Что подобно Слову Твоему, Господу нашему, вечно пребывающему в Себе, нестареющему и все обновляющему! Я говорил: “Пусть умолкнут волнения плоти и все представления о земле, воде и воздухе, пусть умолкнет само небо и сама душа, пусть выйдет она из себя, забыв о себе; пусть умолкнут сны и воображения, всякий язык, всякий знак, все возникающее и преходящее, что может сказать о себе: “Не мы создали себя, но Тот, Кто живет вечно”; и вот, в наступившей тишине заговорит Он Сам, один, не через них, а от Себя. Да услышим слово Его не из плотских уст, не в ангельских напевах, не в грохоте бури, не в притчах и подобиях, а от Него Самого, любимого нами в творениях Его, услышим так, как слышали сейчас, когда, оставив самих себя, духом прикоснулись к вечной Премудрости. О, если бы это мгновение могло продлиться! Если бы все низшее исчезло, и она одна восхитила бы и объяла глубокой радостью своих созерцателей! Не это ли жизнь вечная? Не об этом ли мы воздыхали, читая: “Войди в радость господина твоего” (Мф. XXV, 21)? И когда это будет? Не тогда ли, когда “не все мы умрем, но все изменимся” (I Кор. XV, 51)?

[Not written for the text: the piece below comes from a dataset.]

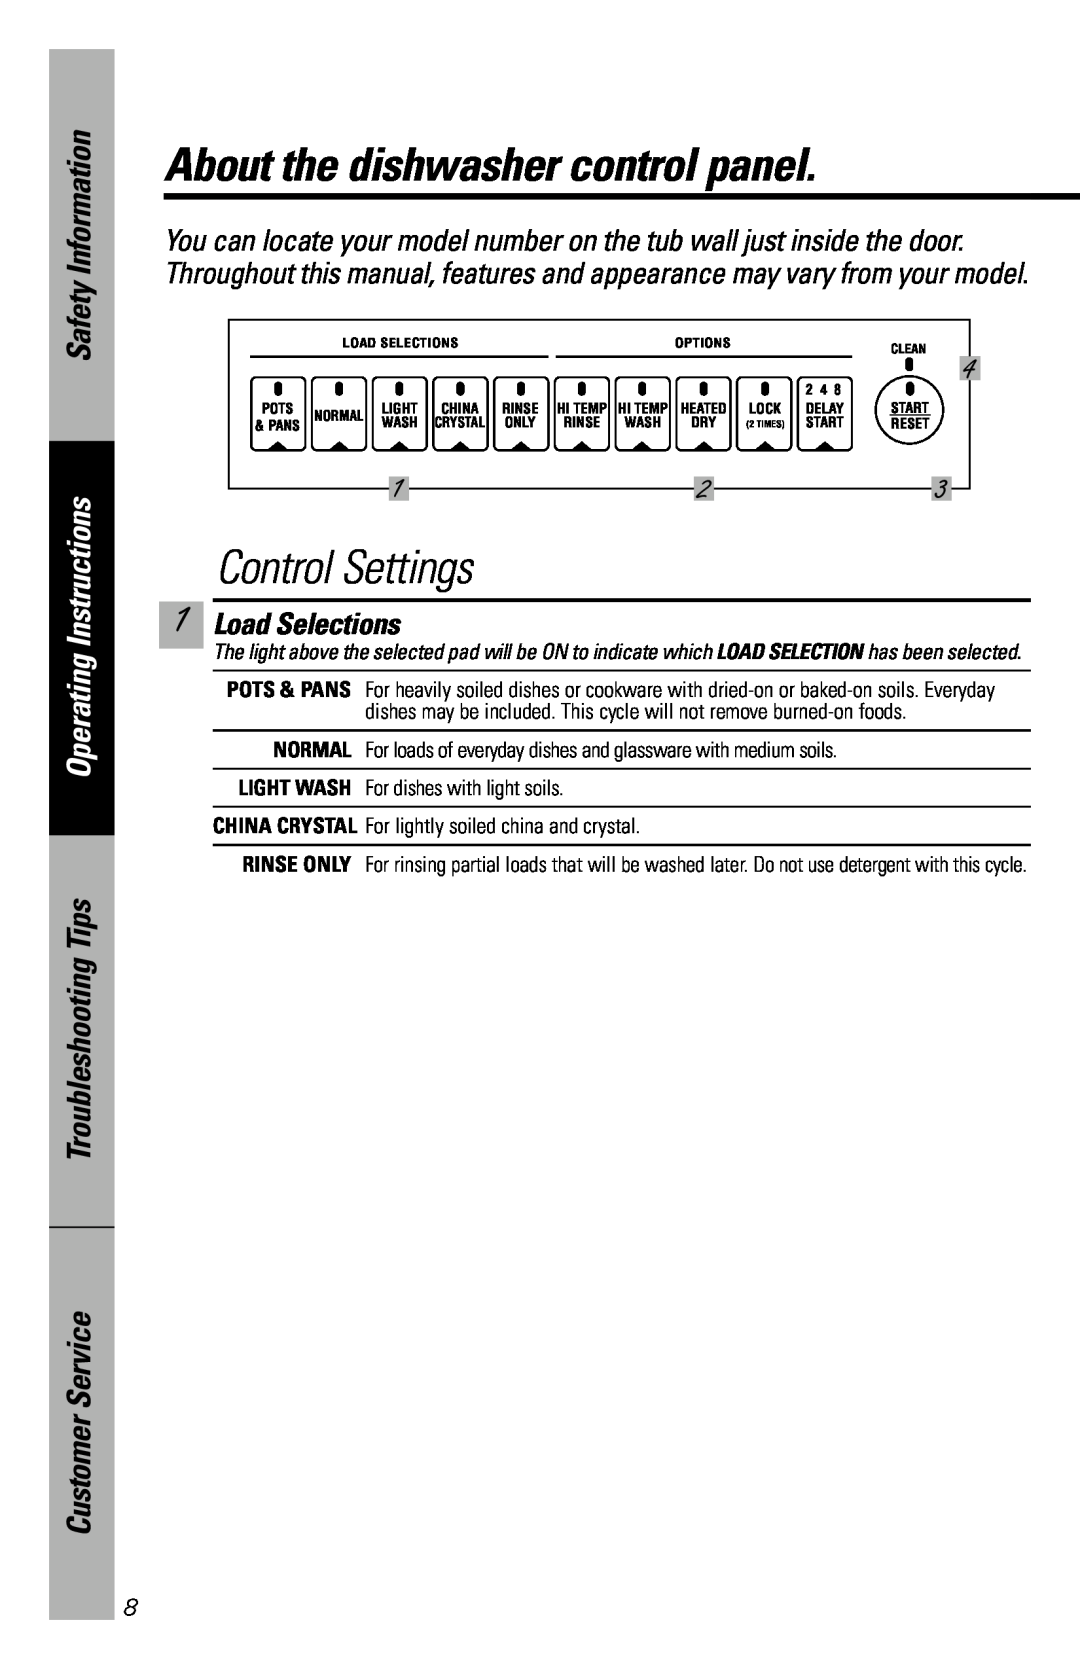 GE GSD5114, EDW2020 About the dishwasher control panel, Control Settings, Safety Information, Operating Instructions 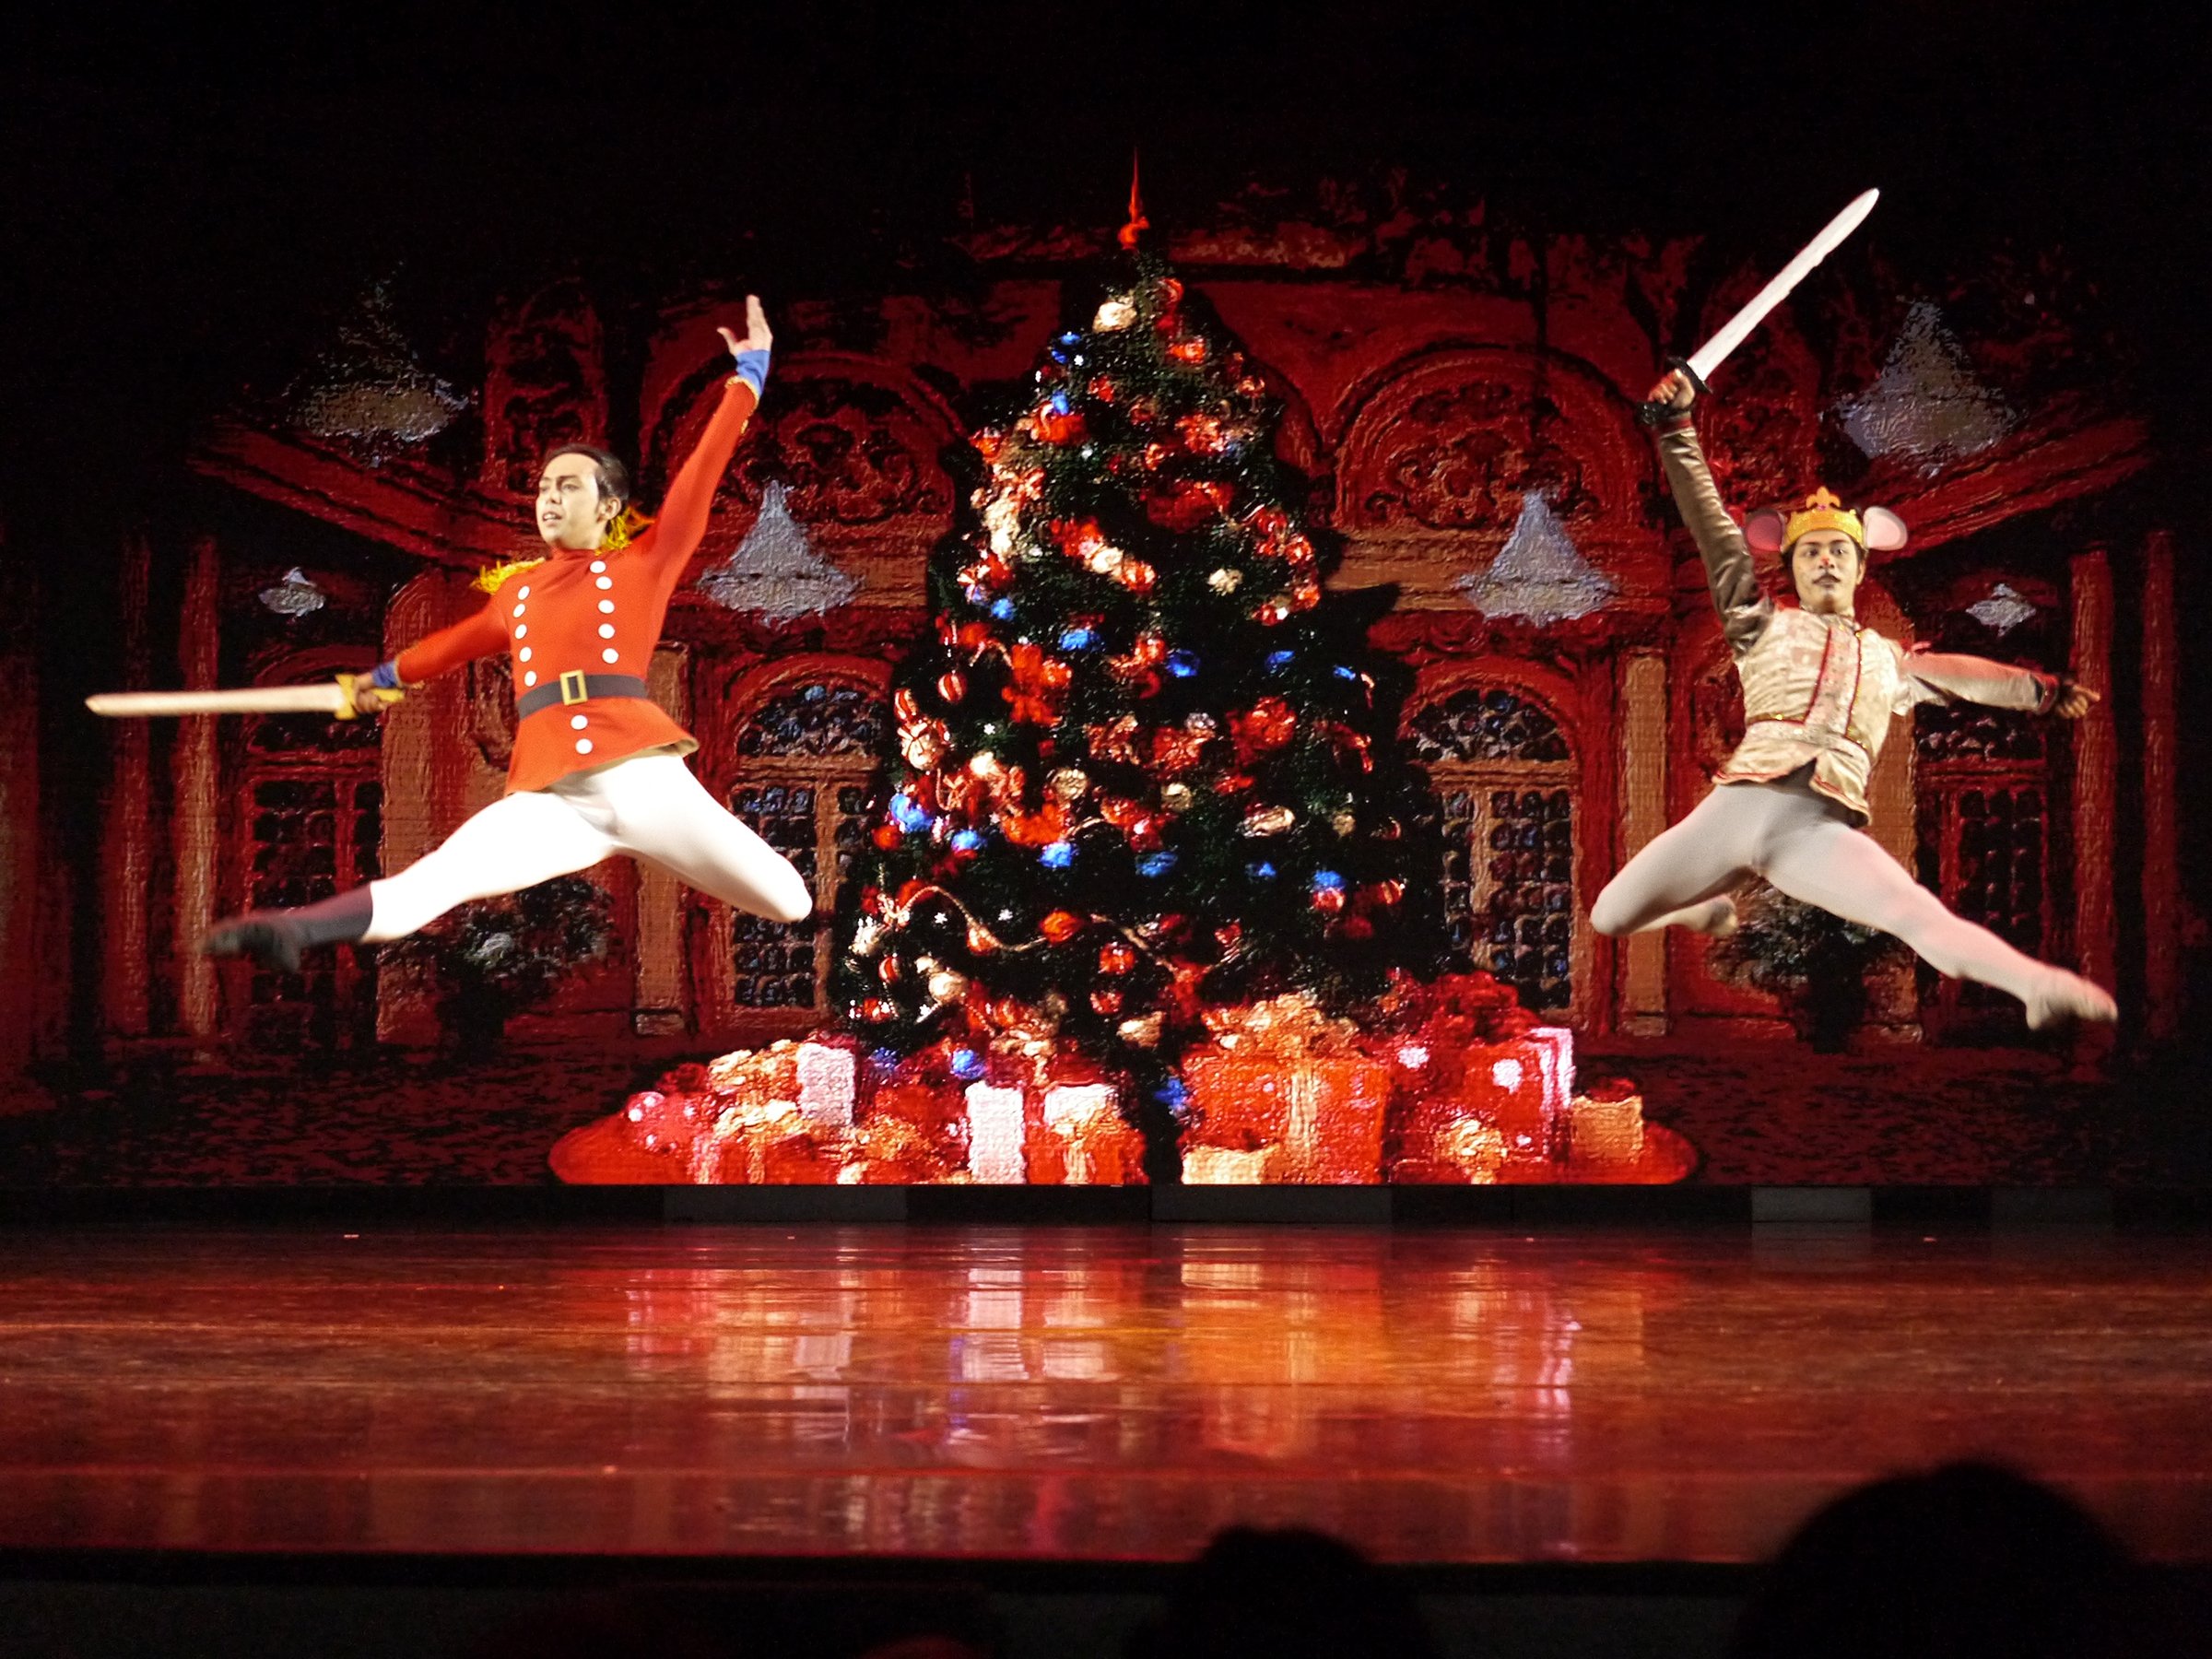    The Nutcracker Prince (Sean Pelegrin) and the Mouse King (Anselmo Dictado) battle it out in one of the ballet’s iconic scenes.

Так говорил я; возможно, слова были другими, но Ты знаешь, Господи, что в тот день ничтожным казался нам весь этот мир с его жалкими наслаждениями, и мать отвечала мне: “Сын мой! Зачем мне эта жизнь? Какие мирские надежды удерживают меня здесь? Было только одно, почему я хотела задержаться в этой жизни: прежде, чем умереть, я хотела увидеть тебя православным христианином. Но Господь даровал мне большее: дал увидеть тебя смиренным рабом Его, презревшим земное счастье. Что же еще? Что мне здесь делать?”
Глава XI
Уже не вспомню, что я ответил ей, но не прошло и пяти дней, и она слегла в лихорадке.
В один из этих дней она на короткое время лишилась чувств, а, придя в себя, спросила у меня и брата, стоявшего рядом: “Где я была?” Затем, увидев глубокую скорбь нашу, добавила: “Здесь похороните мать вашу”. Я молчал: слезы душили меня. Брат, желая ее утешить, что-то сказал насчет того, что ей следует потерпеть, дабы, если и умереть, то умереть на родной земле. Мать встревожилась за него, сказав мне: “Что он говорит?”, а затем прибавила: “Не беспокойтесь о теле, похороните где придется. Об одном прошу, поминайте меня у алтаря Господня”. После этих слов она умолкла, страдая от усиливающейся болезни. Я же, думая о дарах Твоих, которыми Ты одаряешь сердца верных, радовался и благодарил Тебя: я ведь хорошо помнил, как некогда волновалась она о своем погребении, все предусмотрела и приготовила себе место рядом с могилой мужа. Жили они в мире и согласии, и она, по человеческой слабости, мечтала еще о добавке, чтобы люди говорили: “Вот судьба! Столько лет она провела вдали от дома, а теперь вернулась, и прах ее смешался с прахом супруга”. Я не знал, когда по благости Твоей ослабело в сердце ее это суетное желание. Я радовался и удивлялся, видя это, хотя еще в тех словах, сказанных матерью у окна: “Что мне здесь делать?” уже читалось безразличие к тому, где и как ей умереть.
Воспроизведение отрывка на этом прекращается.